*** Exercise input ***

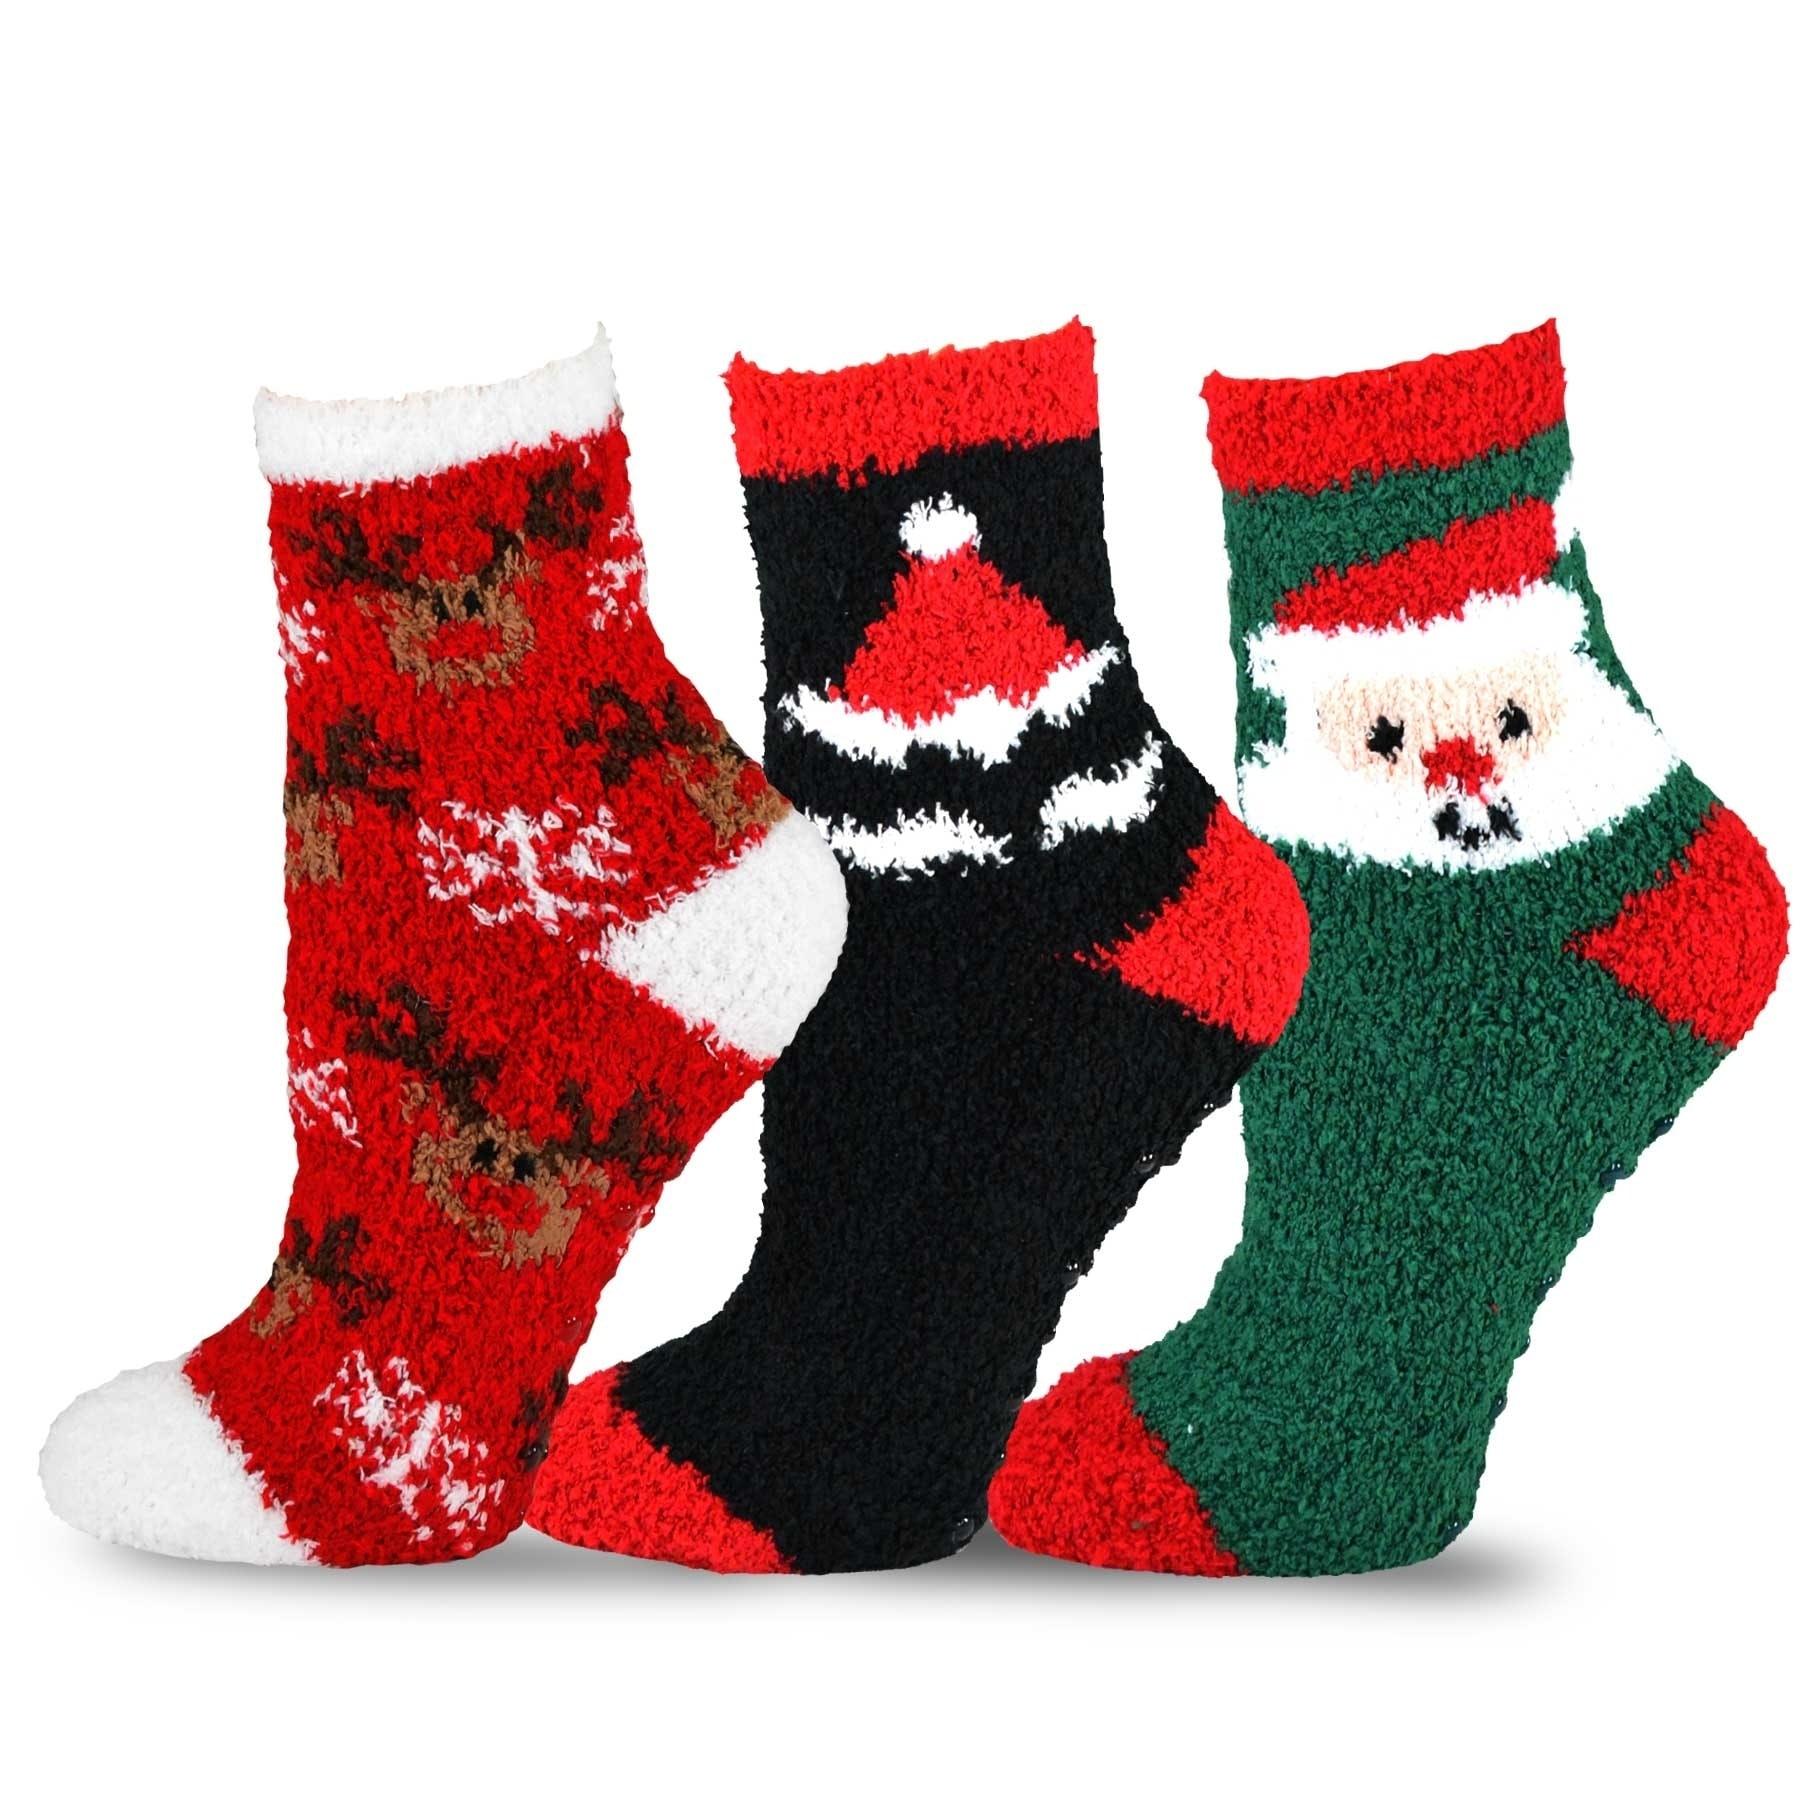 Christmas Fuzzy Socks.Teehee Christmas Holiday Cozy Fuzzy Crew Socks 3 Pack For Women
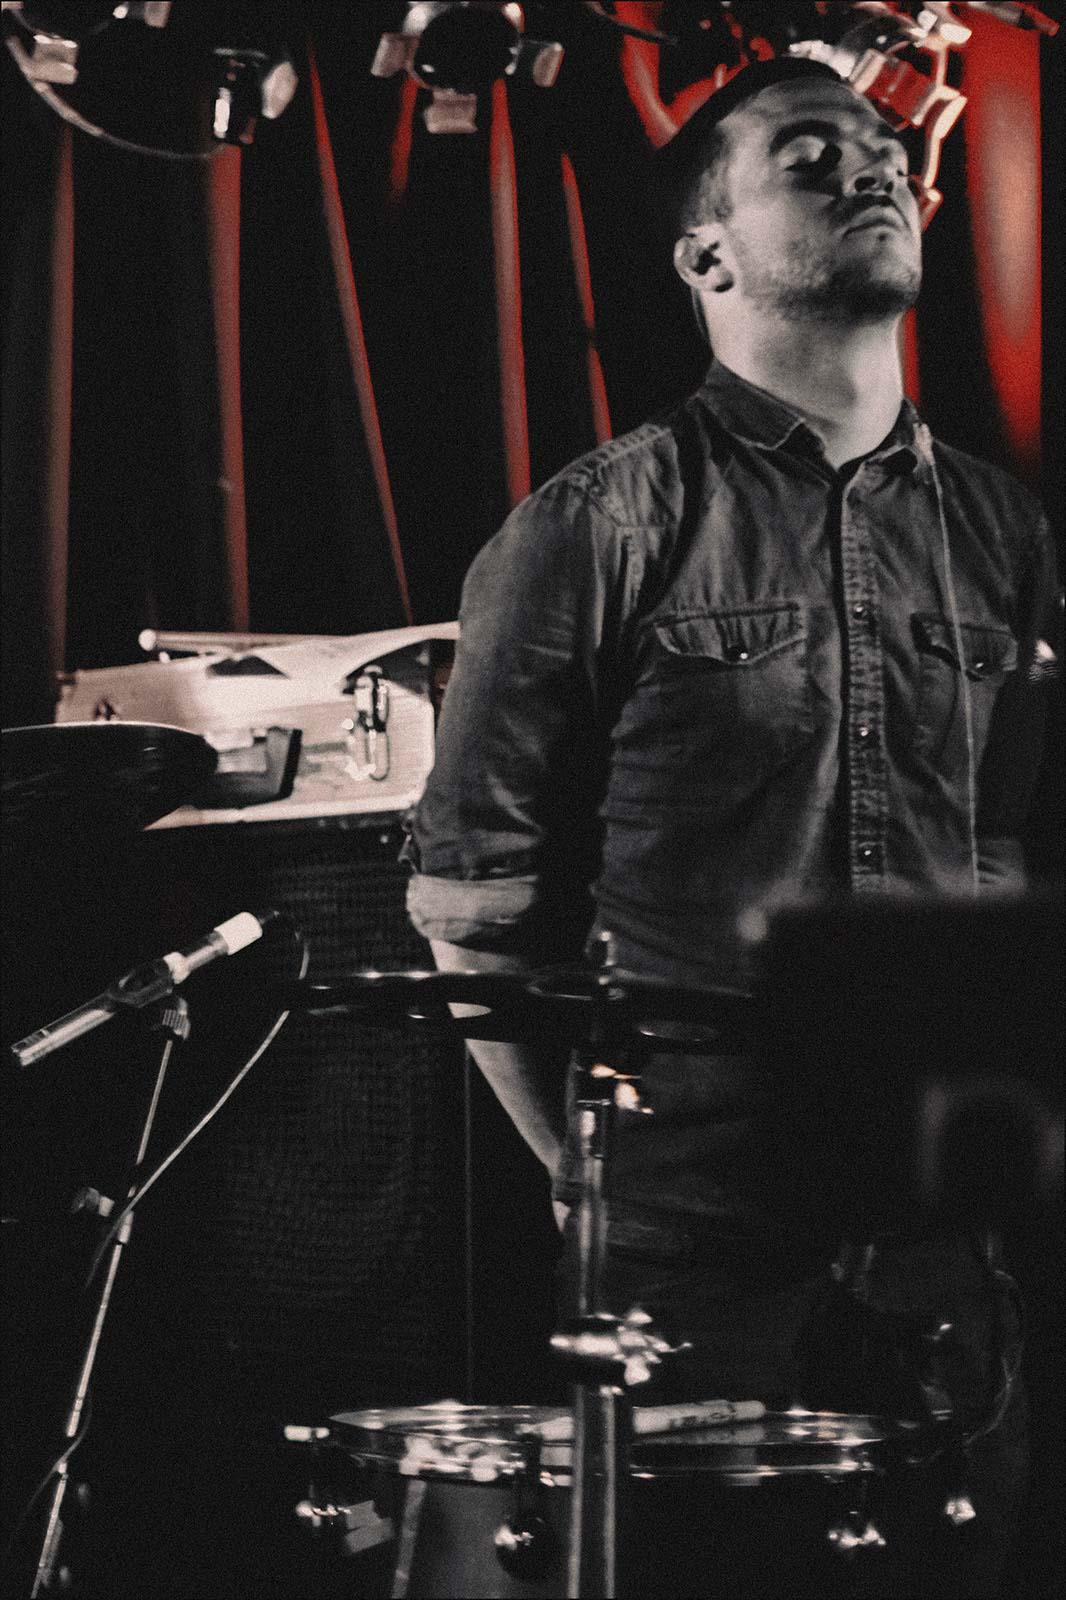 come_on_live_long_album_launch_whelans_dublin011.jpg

***
*** Exercise input ***

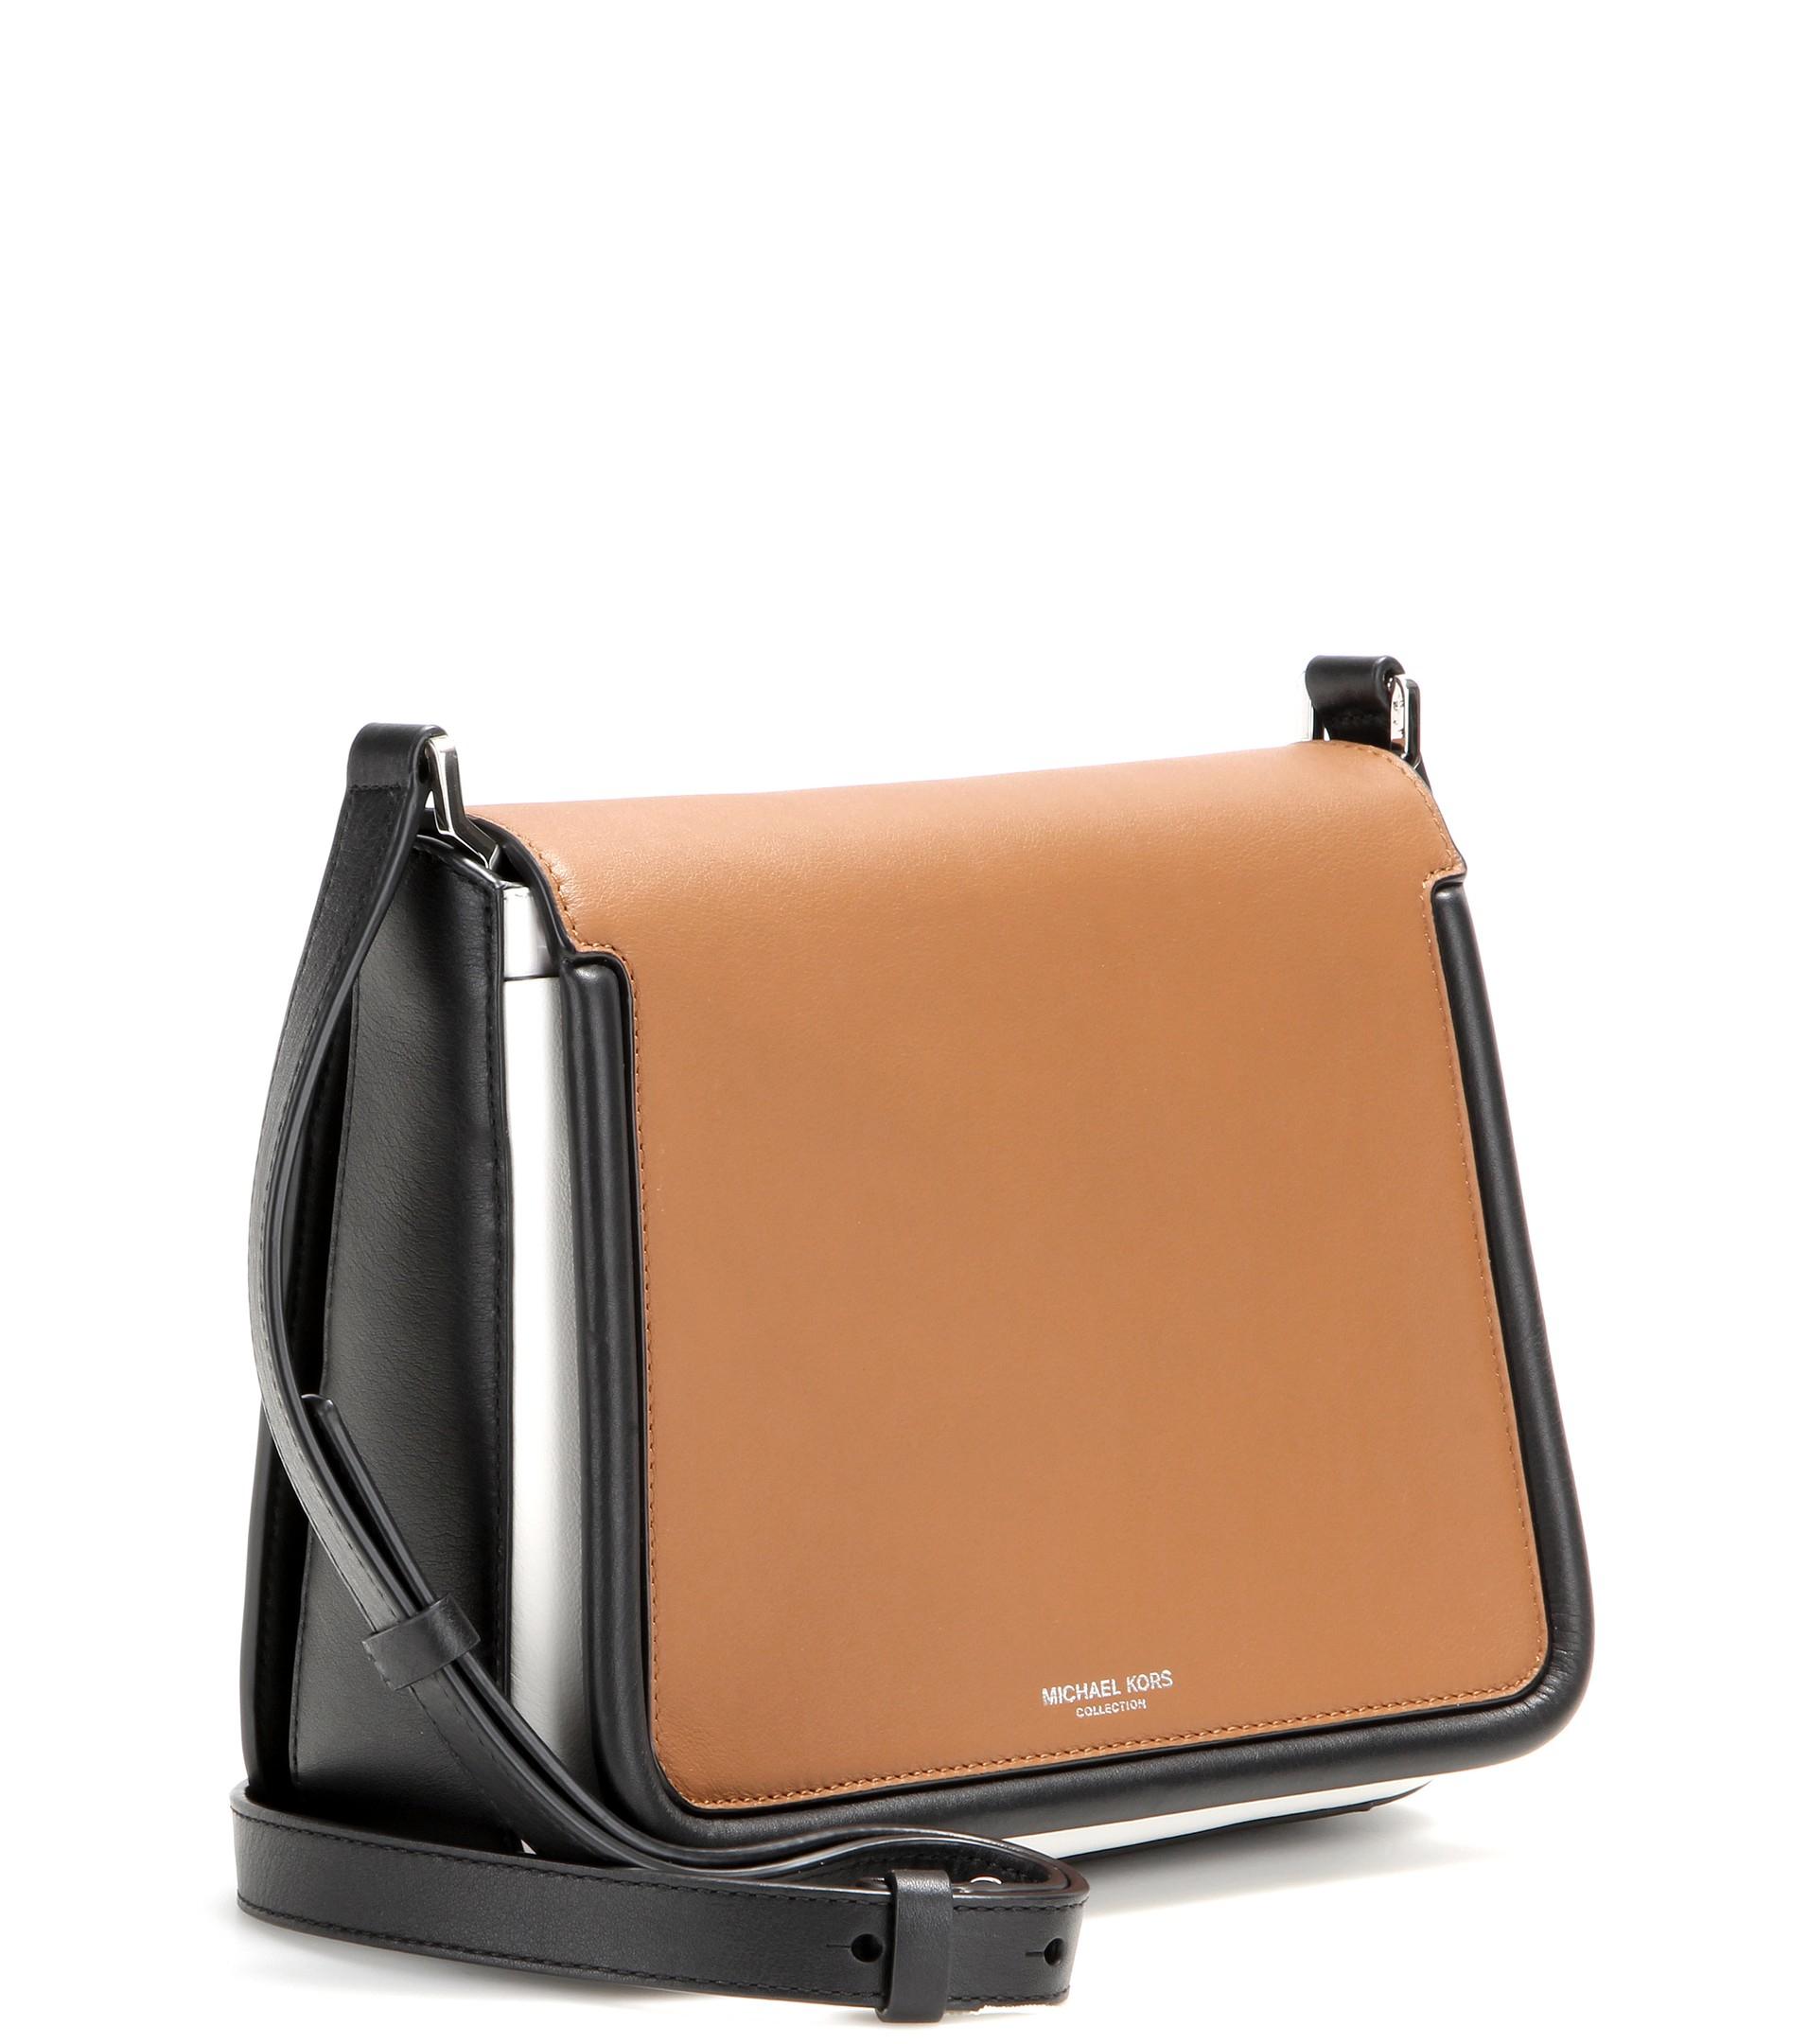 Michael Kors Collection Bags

***

▶ [Work to be completed] Reproduce the listing above only between the lines holding "Christmas Fuzzy Socks.Teehee" and "come_on_live_long_album_launch_whelans_dublin011.jpg", inclusive. Every line must match exactly, and pictures are dropped.

▶ [Expected answer]
 Christmas Fuzzy Socks.Teehee Christmas Holiday Cozy Fuzzy Crew Socks 3 Pack For Women
 come_on_live_long_album_launch_whelans_dublin011.jpg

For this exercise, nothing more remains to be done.